Section 2. Other Offices. The Corporation may also have offices at such other places both within and without the State of Delaware as the Board of Directors may from time to time determine or the business of the Corporation may require.

ARTICLE II.

Stockholders

Section 1. Place of Meetings. All meetings of the stockholders for the election of Directors will be held at such place, within or without the State of Delaware, as may be fixed from time to time by the Board of Directors. Meetings of stockholders for any other purpose may be held at such time and place, within or without the State of Delaware, as may be stated in the notice of the meeting or in a duly executed waiver of notice thereof. If no place is fixed for a meeting of stockholders, such meeting shall be held at the principal office of the Corporation.

Section 2. Annual Meeting. An annual meeting of the stockholders will be held at such time as may be determined by the Board of Directors, at which meeting the stockholders will elect a Board of Directors, and transact such other business as may properly be brought before the meeting.

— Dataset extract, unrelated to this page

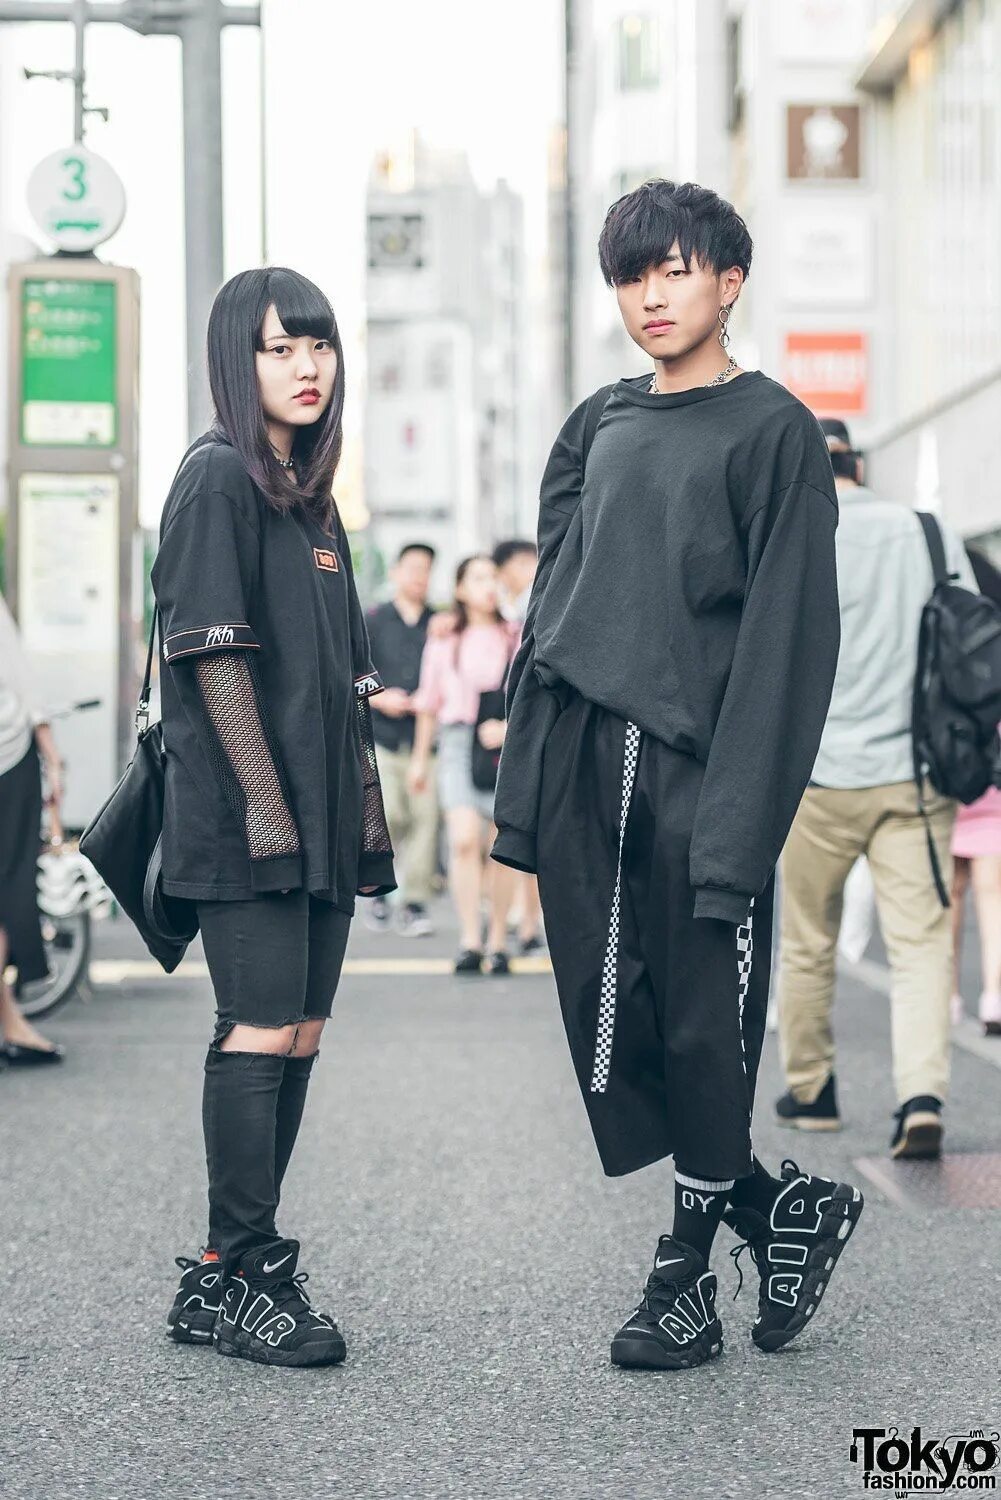 Токийские одежда. Стиль Харадзюку черный. Харадзюку черная одежда. Темное Харадзюку. Харадзюку одежда мужская.

Section 3. List of Stockholders. At least ten days before each meeting of stockholders, a complete list of the stockholders entitled to vote at said meeting, arranged in alphabetical order, with the address of and the number of voting shares registered in the name of each, will be prepared by the officer or agent having charge of the stock transfer books. Such list will be open to the examination of any stockholder, for any purpose germane to the meeting, during ordinary business hours, for a period of at least ten days prior to the meeting, either at a place within the city where the meeting is to be held, which place will be specified in the notice of the meeting, or if not so specified at the place where the meeting is to be held. Such list will be produced and kept open at the time and place of the meeting during the whole time thereof, and will be subject to the inspection of any stockholder who may be present. If the right to vote at any meeting is challenged, the inspector(s) of election, or the person presiding thereat if no such inspector has been appointed, will require such list of the stockholders to be produced as evidence of the right of the persons challenged to vote at such meeting, and all persons who appear from such list to be stockholders entitled to vote at such meeting may vote thereat.

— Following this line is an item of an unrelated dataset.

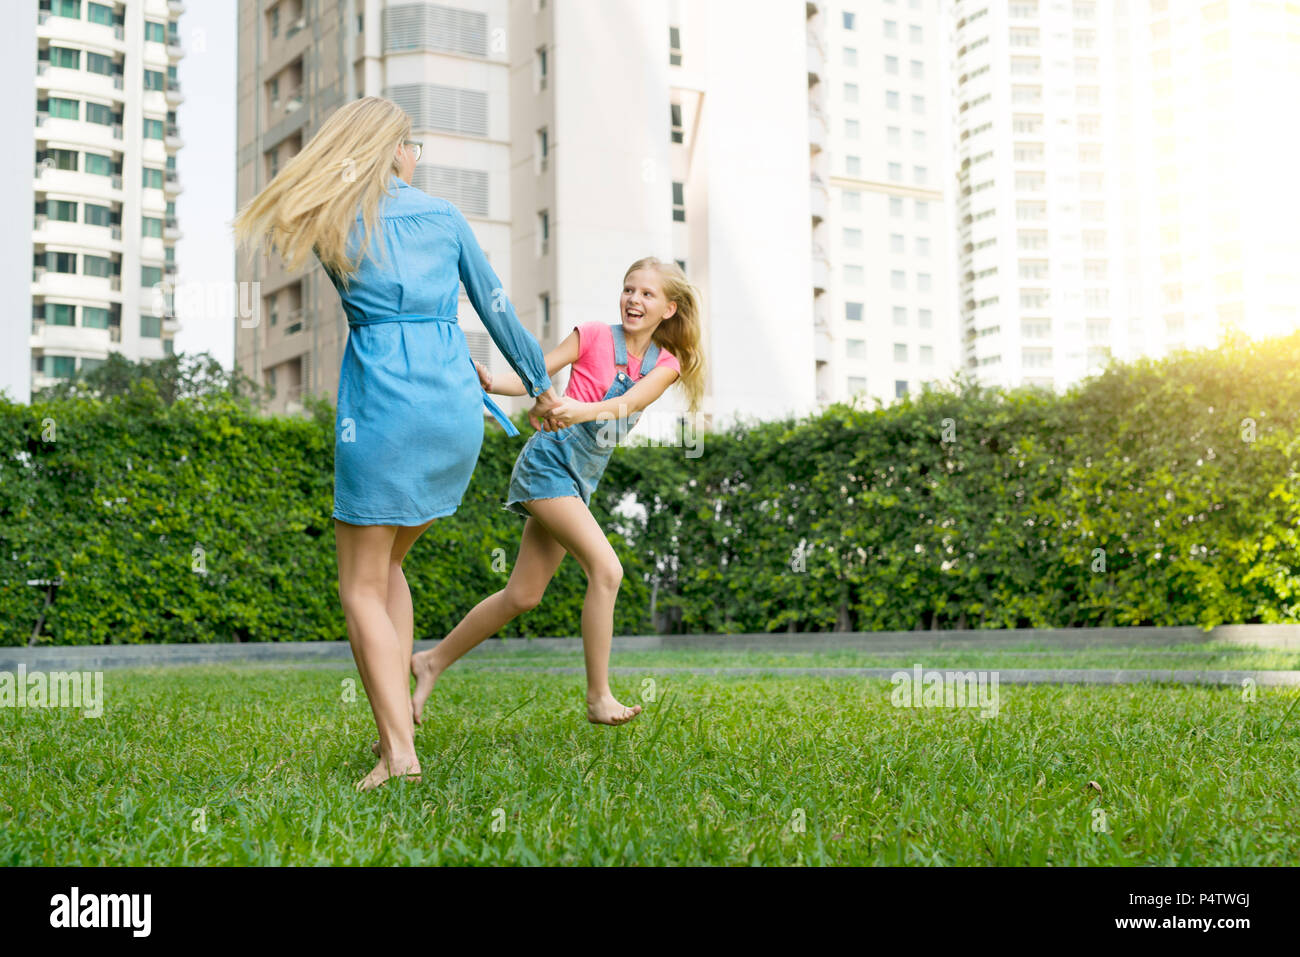 Happy mother and daughter having fun in urban city garden Stock Photo

Section 4. Special Meetings. Special meetings of the stockholders, for any purpose or purposes, unless otherwise prescribed by law, the Certificate of Incorporation or these Bylaws, may be called by the Board of Directors, the Chairman of the Board, or the President. Business transacted at all special meetings will be confined to the purposes stated in the notice of the meeting unless all stockholders entitled to vote are present and consent.

Section 5. Notice. Written or printed notice stating the place, day and hour of any meeting of the stockholders and, in case of a special meeting, the purpose or purposes for which the meeting is called and the person or persons calling the special meeting, will be delivered not less than ten nor more than sixty days before the date of the meeting, either personally or by mail, by or at the direction of the Chairman of the Board, the President, the Secretary, or the officer or person calling the meeting, to each stockholder of record entitled to vote at the meeting.

If, at any meeting, action is proposed to be taken which, if taken, would entitle objecting stockholders to receive payment for their shares, the notice shall include a statement of that purpose and to that effect.

When a meeting is adjourned to another time or place, it shall not be necessary to give any notice of the adjourned meeting if the time and place to which the meeting is adjourned are announced at the meeting at which the adjournment is taken. At the adjourned meeting, any business may be transacted that might have been transacted on the original date of the meeting. However, if after the adjournment, the Board of Directors fixes a new record date for the adjourned meeting, a notice of the adjourned meeting shall be given to each stockholder of record on the new record date entitled to notice under this Section 5.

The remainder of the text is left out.